Total worldwide sales of Merck's other promoted medicines, which include JANUVIA (sitagliptin), JANUMET (sitagliptin phosphate and metformin hydrochloride) and ISENTRESS (raltegravir), were $1.8 billion for the first quarter, representing a 14 percent increase compared with the first quarter of 2007. Merck's portfolio of medicines are approved to treat a broad range of medical conditions, including glaucoma, migraine, pain, diabetes, HIV/AIDS and other infectious diseases.

 

JANUVIA, Merck's treatment for type 2 diabetes, recorded worldwide sales of $272 million in the first quarter of 2008 compared with $87 million in the same quarter in 2007.

 

2 Source: IMS NPA

3 COZAAR and HYZAAR are registered trademarks of E.I. duPont de Nemours and Company, Wilmington, Del.

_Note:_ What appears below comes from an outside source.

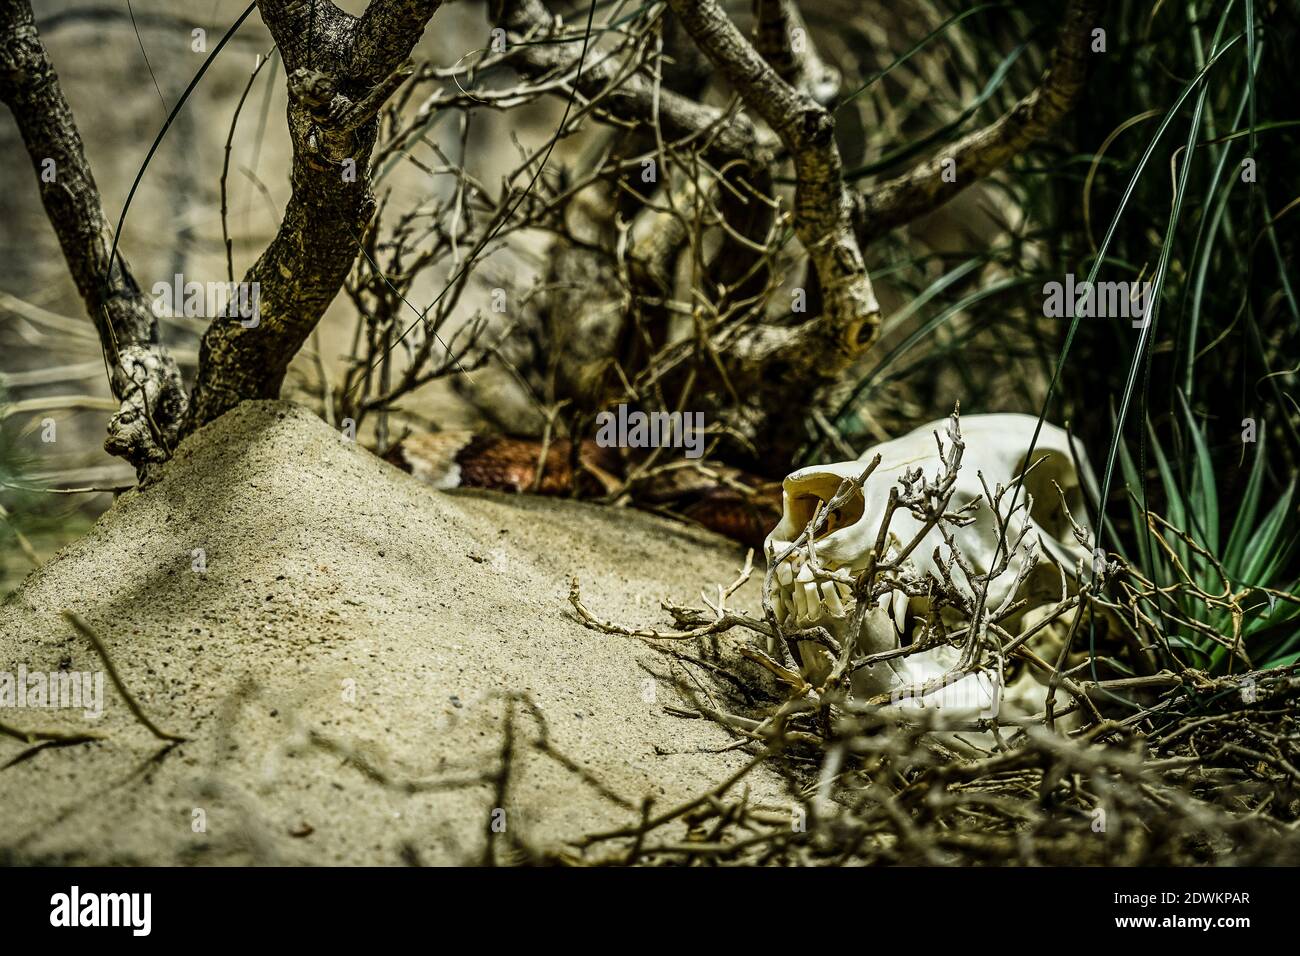 Schädel liegt halb versteckt unter Sträuchern in einer Wüstenumgebung Stockfoto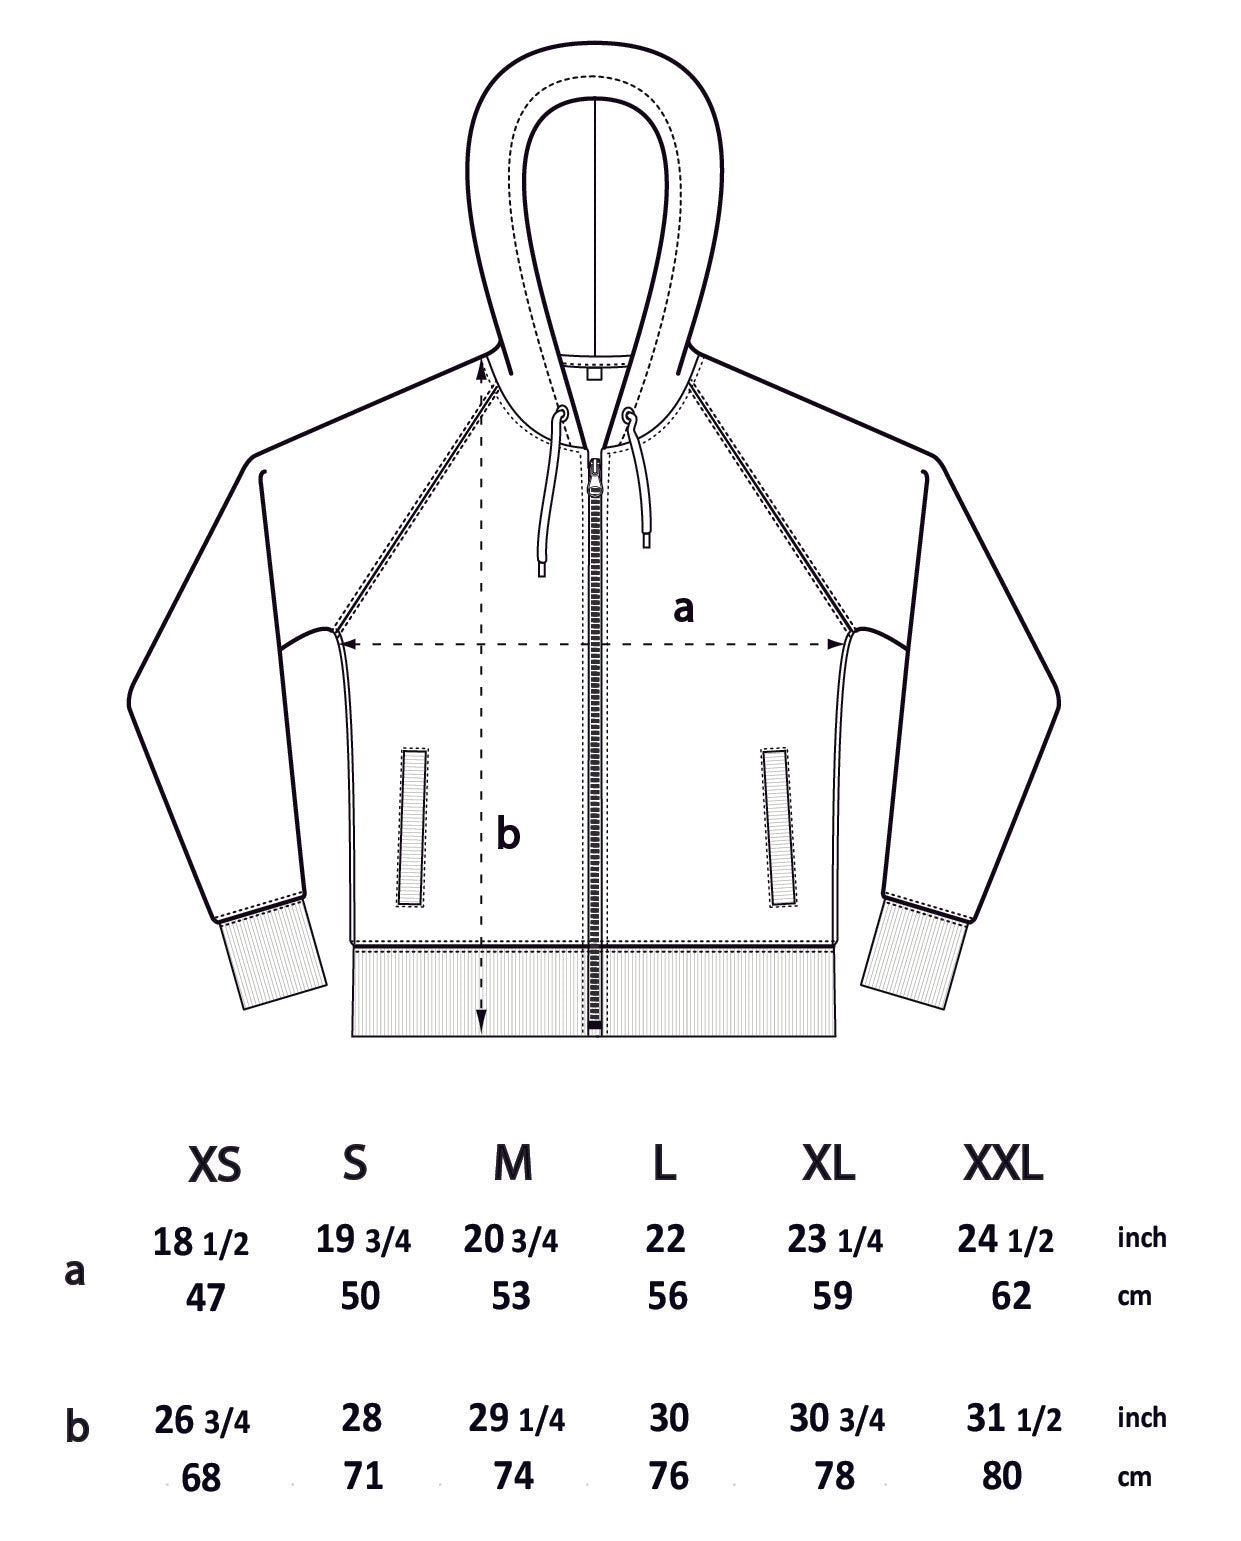 Organic heavyweight zip-up hoodie

JANUMET, a single tablet that addresses all three key defects of type 2 diabetes launched in the United States in April 2007, recorded sales of $58 million during the quarter.

 

Worldwide sales of ISENTRESS, Merck's first-in-class HIV integrase inhibitor for use in combination with other antiretroviral agents for the treatment of HIV-1 infection in treatment-experienced adult patients, were $47 million in first-quarter 2008. Merck launched ISENTRESS in the United States in October 2007.

 

Worldwide sales of vaccines, as recorded by Merck, were $986 million for the first quarter compared with $903 million in the first quarter of 2007. Vaccines in most major European markets are sold through the Companys joint venture, Sanofi Pasteur MSD, and the results from its interest in the joint venture are recorded in equity income from affiliates.

 

Worldwide sales of the Company's cervical cancer vaccine GARDASIL (Human Papillomavirus (HPV) Quadrivalent (types 6, 11, 16, 18) Recombinant Vaccine) as recorded by Merck, were $390 million for the first quarter of 2008, an increase of 7 percent from the first quarter of 2007. GARDASIL, the world's top-selling HPV vaccine and only HPV vaccine available for use in the United States, currently is indicated for girls and women nine through 26 years of age for the prevention of cervical cancer, precancerous or dysplastic lesions, and genital warts caused by HPV types 6, 11, 16 and 18. During the first quarter of 2008, the U.S. Food and Drug Administration (FDA) accepted, and designated for priority review, a supplemental Biologics License Application for the potential use of GARDASIL in women aged 27 through 45. A priority designation is intended for products or indications that address unmet medical needs. Additional applications under FDA review include data on protection against vaginal and vulvar cancer caused by HPV types 16 and 18, data on immune memory and data on cross protection.

 

Worldwide sales of ROTATEQ (rotavirus vaccine, live, oral, pentavalent), Merck's vaccine to help protect children against rotavirus gastroenteritis and one of the world's leading rotavirus vaccines, as recorded by Merck, were $190 million in the first quarter of 2008 compared with $85 million in the same quarter a year earlier.

 

Worldwide sales of Merck's other pediatric vaccines, which include VARIVAX (varicella virus vaccine live {Oka/Merck}), M-M-R II (measles, mumps and rubella virus vaccine live) and PROQUAD (measles, mumps, rubella and varicella {Oka/Merck} virus vaccine live), as recorded by Merck, were $226 million for the first quarter of 2008, a decrease of 8 percent compared with the same period a year earlier. Sales of VARIVAX, a vaccine for the prevention of chickenpox, were $149 million for the quarter as the Advisory Committee on Immunization Practices' second-dose recommendation continued to be implemented. VARIVAX sales were $104 million during the same quarter in 2007.

 

Merck records ongoing revenue based on sales of products that are associated with alliances, the most significant of which is AstraZeneca LP. Revenue from AstraZeneca LP recorded by Merck was $405 million in the first quarter of 2008.